Création d’un Swiss DARPA, taxation des infrastructures, renforcement de la coordination nationale sont autant de propositions lancées par les membres de la SATW lors du Cybersecurity Day à Lausanne.
Les membres de la SATW étaient nombreux parmi les centaines de participants du Cybersecurity Day organisé par digitalswitzerland avec le soutien de l’Académie. L’occasion d’entamer le dialogue avec un large public, mais aussi de partager le podium avec le Conseiller fédéral Guy Parmelin en charge notamment de la cybersécurité.
Le ton de la journée a été donné par Martin Vetterli, président de l’EPFL et membre de la SATW qui a parlé de tsunami digital, précisant que les gens doivent pouvoir comprendre les éléments de base du digital pour se l’approprier et en devenir autant des acteurs que des utilisateurs. Pour construire cette relation de confiance, il a annoncé la création d’un nouveau « Centre for digital trust » à l’EPFL et réunissant de nombreux acteurs au niveau national, dont le Comité International de la Croix-Rouge, le CHUV et des entreprises telles que Swisscom, Swissquote, SICPA ou ELCA.
Dans la foulée, le Conseiller fédéral Guy Parmelin a souligné l’importance d’une coordination de tous les acteurs au niveau national. Non seulement dans le domaine de la recherche, mais aussi sur le terrain, notamment au niveau militaire. Et d’ajouter que « les cybermenaces n’effaceront pas, et elles n’effaceront jamais les menaces conventionnelles. Elles les précèdent, elles les accélèrent, elles modifient en profondeur l’art de faire la guerre, mais elles ne les remplaceront en aucun cas. »

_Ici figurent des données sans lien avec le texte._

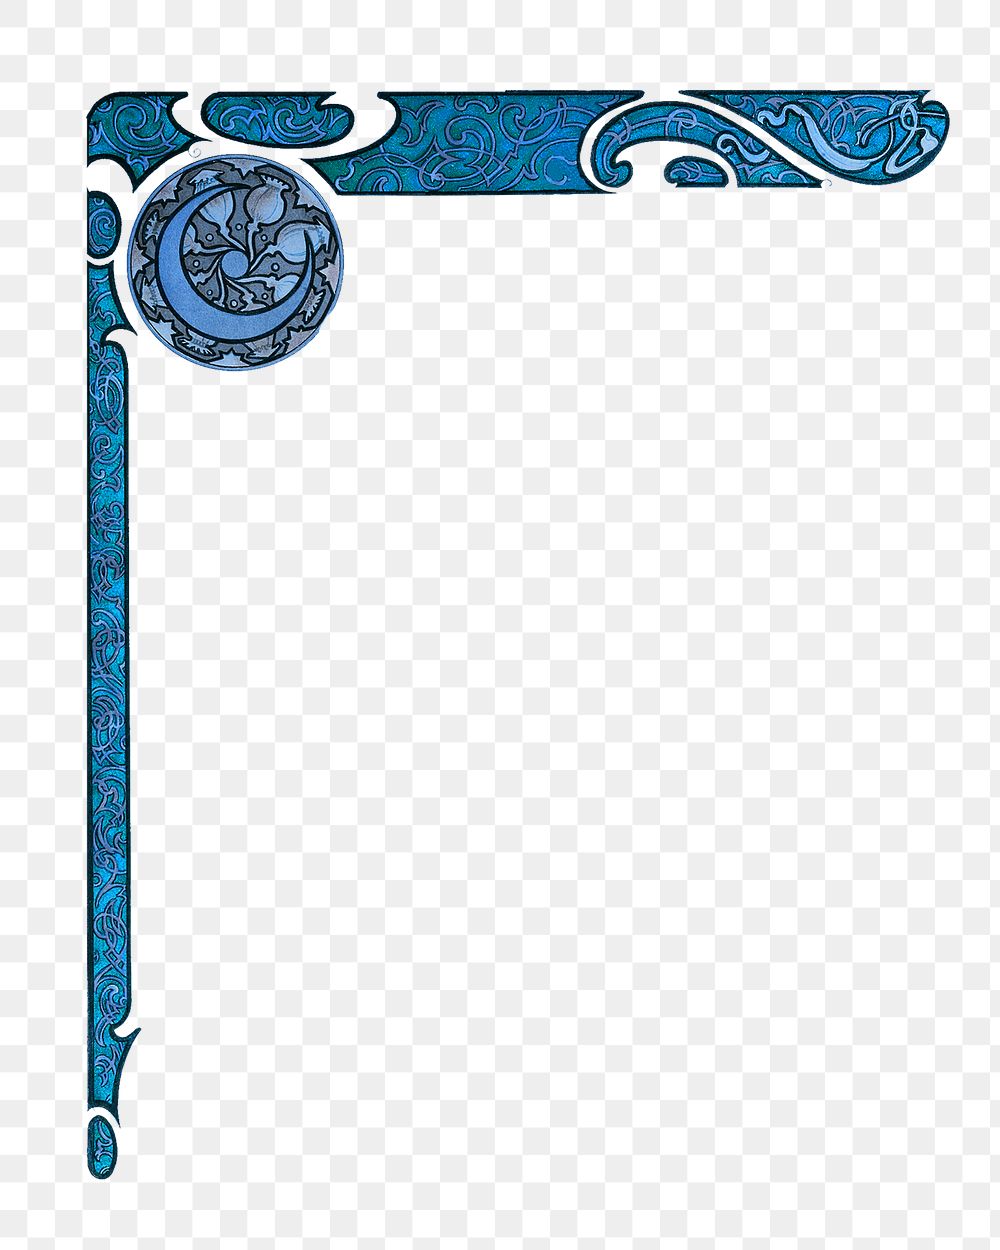 Celestial corner png element, blue vintage design on transparent background

André Kudelski, membre de l’Académie, a quant à lui clairement illustré le lien intime entre puissance cyber et nucléaire sur la scène internationale. Il a dès lors mis en lumière la place unique de la Suisse grâce à l’excellence de sa recherche, son tissu économique et son armée de milice, mais aussi en tant que référence internationale de par les organisations internationales présentes à Genève, avec notamment avec l’UIT et l’ISO. Une opportunité à saisir pour jouer un rôle clé tant en termes de régulation, que de créations de technologies de pointe dans un cyberespace essentiellement occupé par des superpuissances militaires.
Lors des débats, la nécessité d’une approche holistique a très vite été soulevée. « Il faut sortir la question de la cybersécurité du débat strictement militaire pour pouvoir l'aborder pleinement » a ainsi relevé Christophe Gerber d’ELCA. La difficulté de cette démarche globale a été soulignée par Solange Ghernaouti, professeure à l’UNIL et membre de la SATW, qui a ajouté « [qu’]il manque une coordination des activités de cyber sécurité au niveau national. »
La discussion a également porté sur la pertinence de l’amélioration des normes juridiques et industrielles pour renforcer cette coordination. Une piste qu’a toutefois tempérée Solange Ghernaouti en rappelant que « le problème des normes, c'est qu'il faut avoir les moyens de les appliquer. En matière de cybersécurité, l'UIT en a proposé dès 2007. »
Gérald Vernez, le Chef de la cyberdéfense de l’armée suisse et membre de l’Académie, a souligné que « la SATW est un outil précieux dans la coordination de la stratégie cyber de la Suisse. » Le défi reste malgré tout de taille et les solutions à trouver devront être créatives. L’occasion pour le militaire de proposer un modèle de financement basé sur une taxe sur les infrastructures. Les besoins financiers pour se donner les moyens d’une cyber stratégie aboutie étant inéluctablement relativement importants.
La création d’un Swiss DARPA était sur toutes les lèvres lors de cette journée. Une solution séduisante et qui semble être une des clés pour la pérennité de la cybersécurité helvétique. Des différents plaidoyers et discussions lors des débats est toutefois ressorti un élément important : une telle structure ne peut ni être un clone du DARPA américain aux moyens colossaux, ni complètement basé sur le modèle de ce qui se fait par exemple en Israël, hyper centralisé, avec un effort de guerre prépondérant. Il s’agirait plutôt d’un savant mélange adapté aux besoins et spécificités suisses.
Le « Centre for digital trust » de l’EPFL est certainement un pas vers une meilleure intégration de la recherche avec les acteurs de la cybersécurité et la société civile. Mais la route est encore longue et il est indispensable d’y inclure plus largement et systématiquement les dimensions économique et militaire au niveau national.